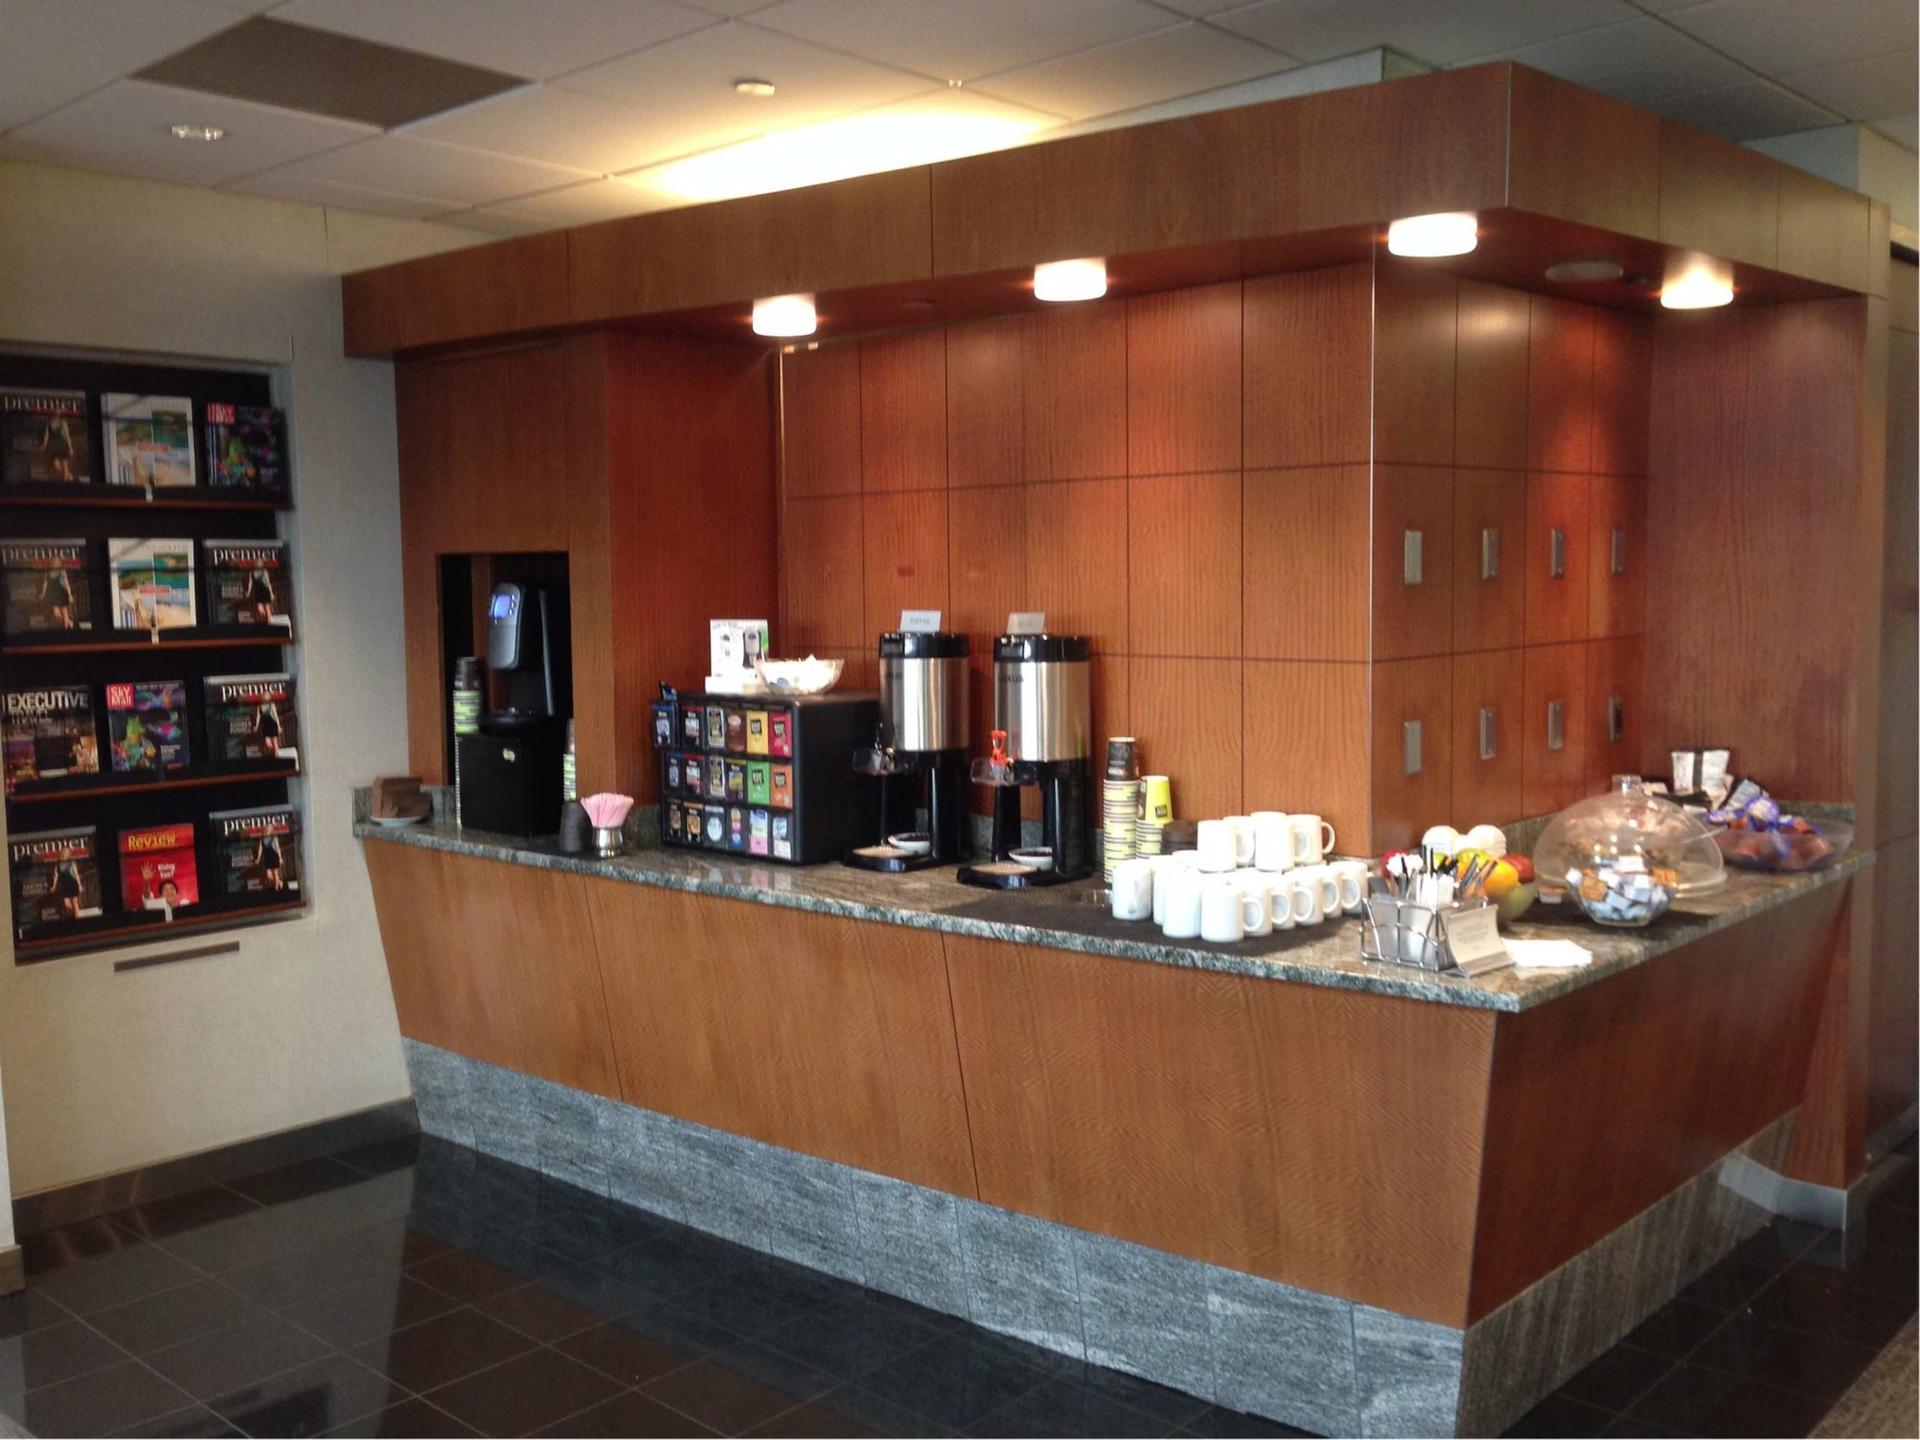 American Airlines Admirals Club image 28 of 48
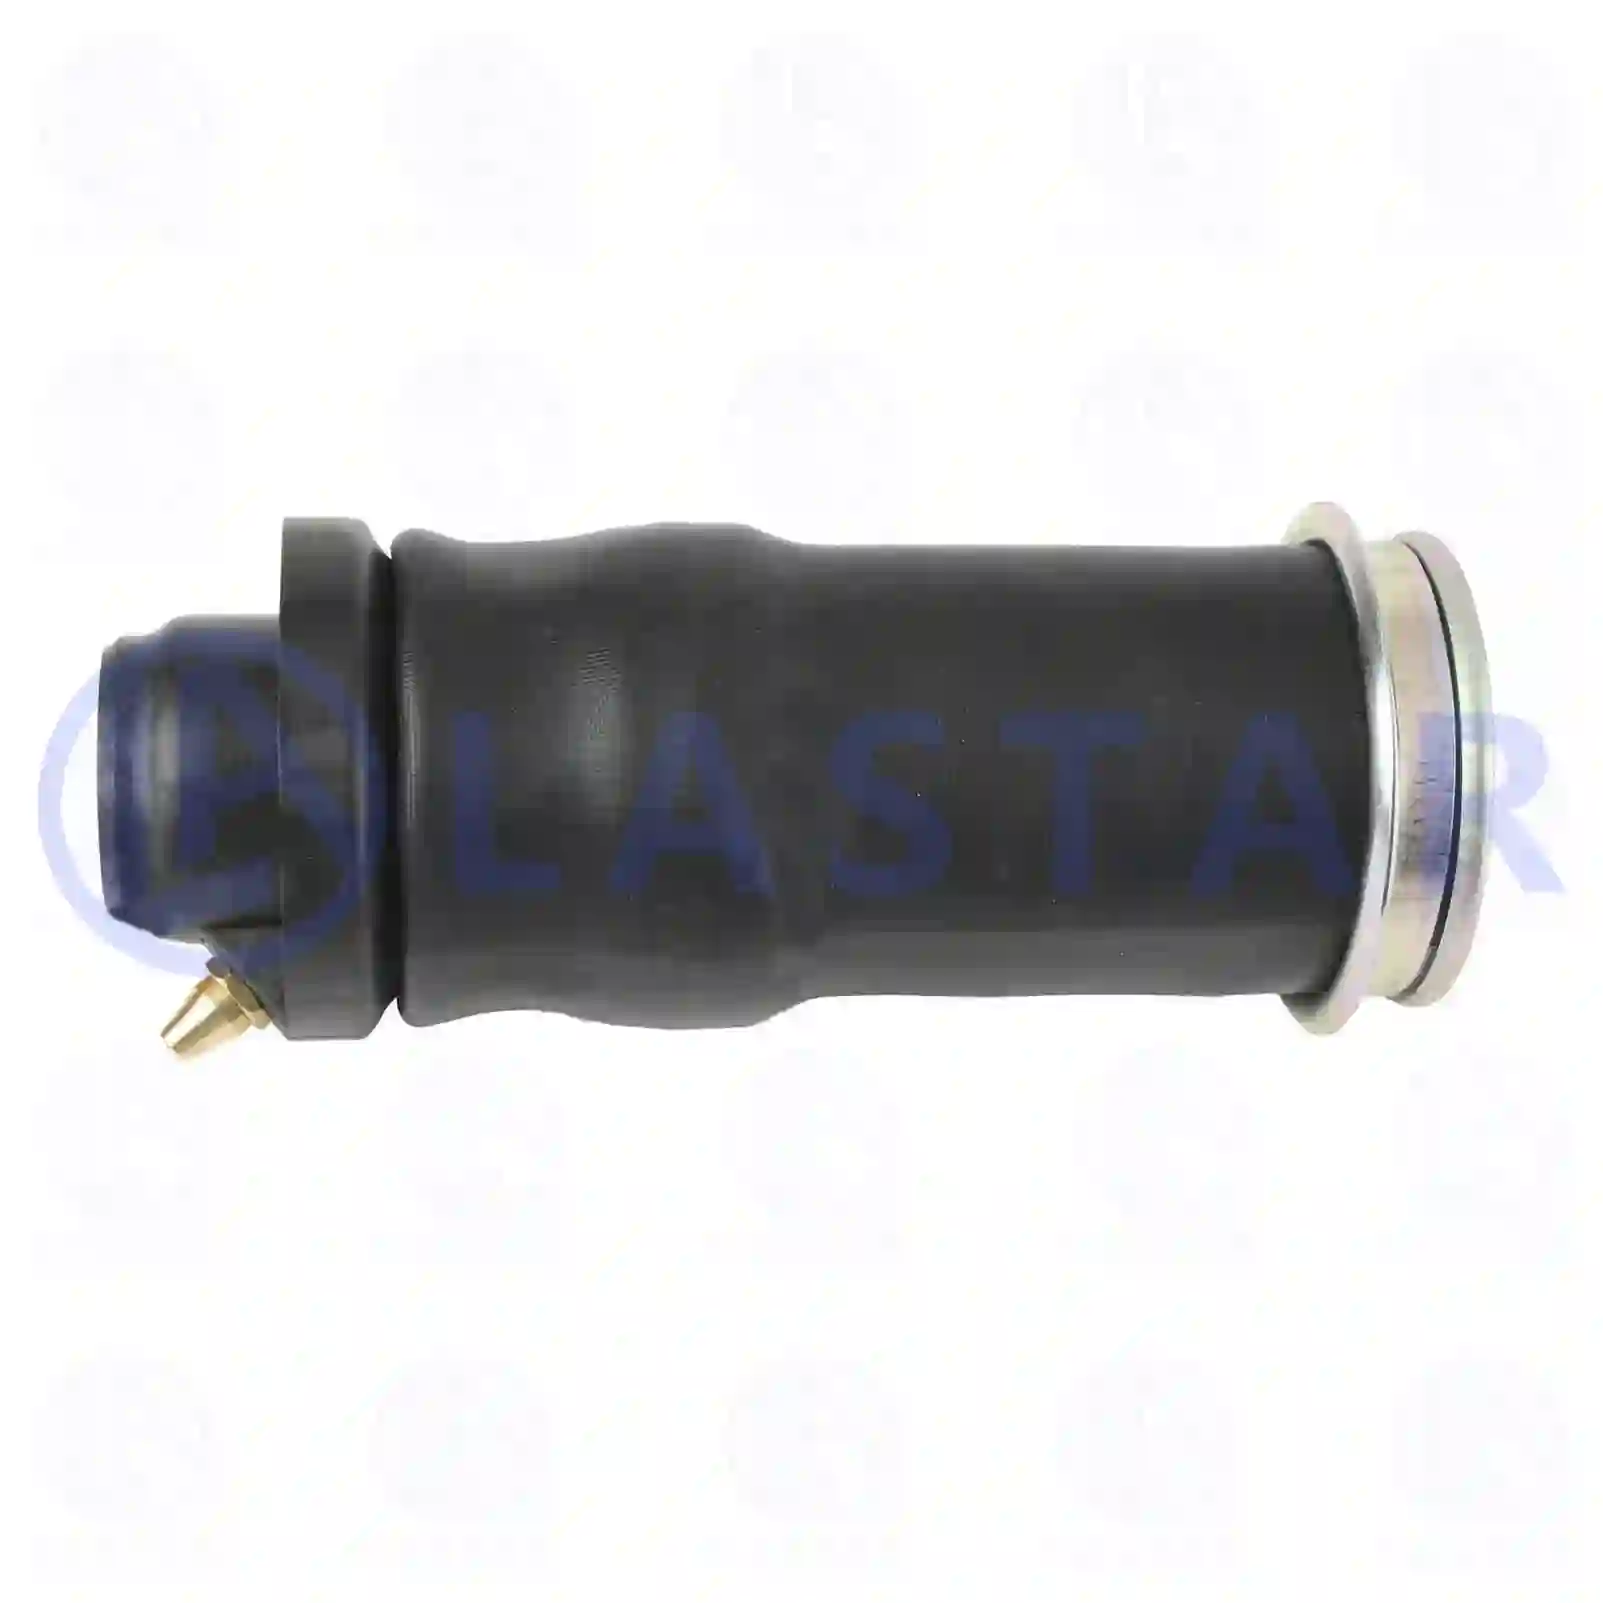 Air bellow, cabin shock absorber, 77735814, 1444016, ZG40693-0008 ||  77735814 Lastar Spare Part | Truck Spare Parts, Auotomotive Spare Parts Air bellow, cabin shock absorber, 77735814, 1444016, ZG40693-0008 ||  77735814 Lastar Spare Part | Truck Spare Parts, Auotomotive Spare Parts
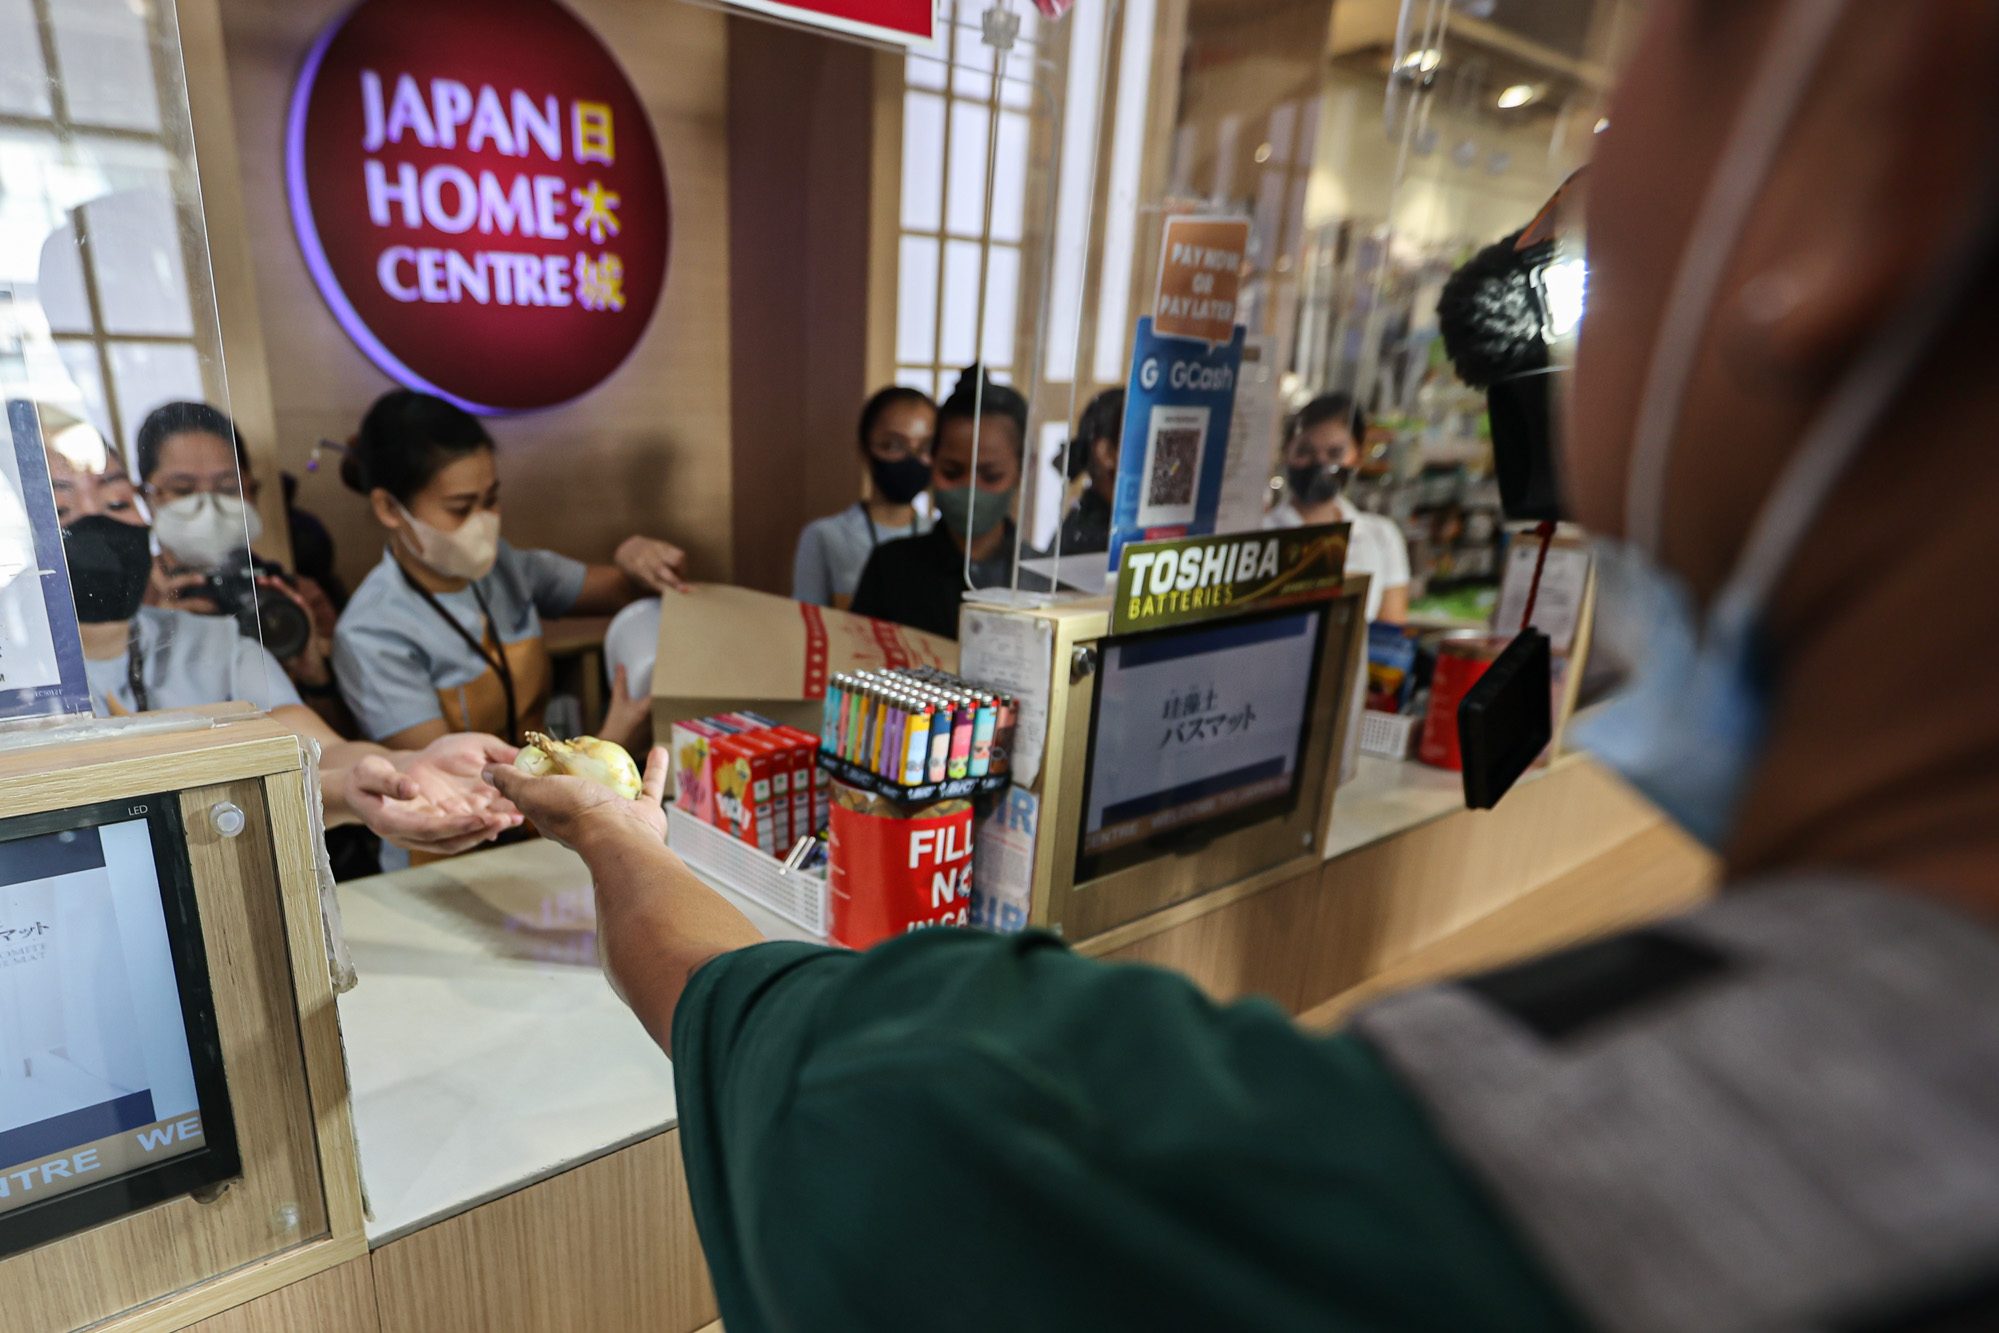 LOOK: Customers eager to pay with onions at Japan Home Centre
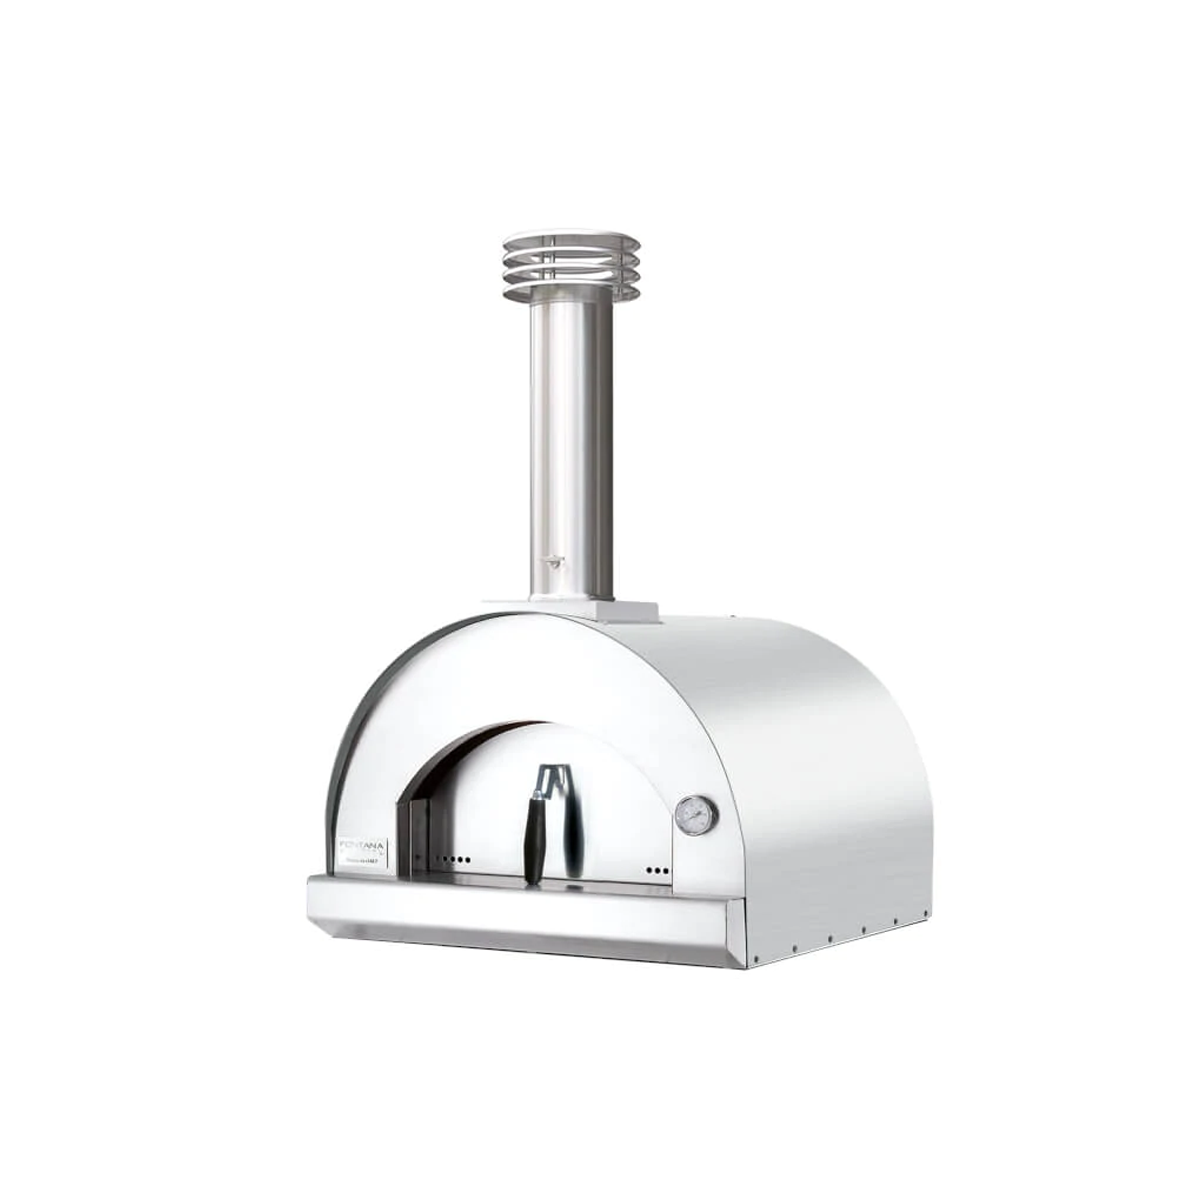 The Margherita Wood Countertop Pizza Oven

==========

Task description: Text only, please: give the listing again word for word with no images.

Output for this task:
 American Airlines Admirals Club image 28 of 48
 Air bellow, cabin shock absorber, 77735814, 1444016, ZG40693-0008 ||  77735814 Lastar Spare Part | Truck Spare Parts, Auotomotive Spare Parts Air bellow, cabin shock absorber, 77735814, 1444016, ZG40693-0008 ||  77735814 Lastar Spare Part | Truck Spare Parts, Auotomotive Spare Parts
 LOOK: Customers eager to pay with onions at Japan Home Centre
 The Margherita Wood Countertop Pizza Oven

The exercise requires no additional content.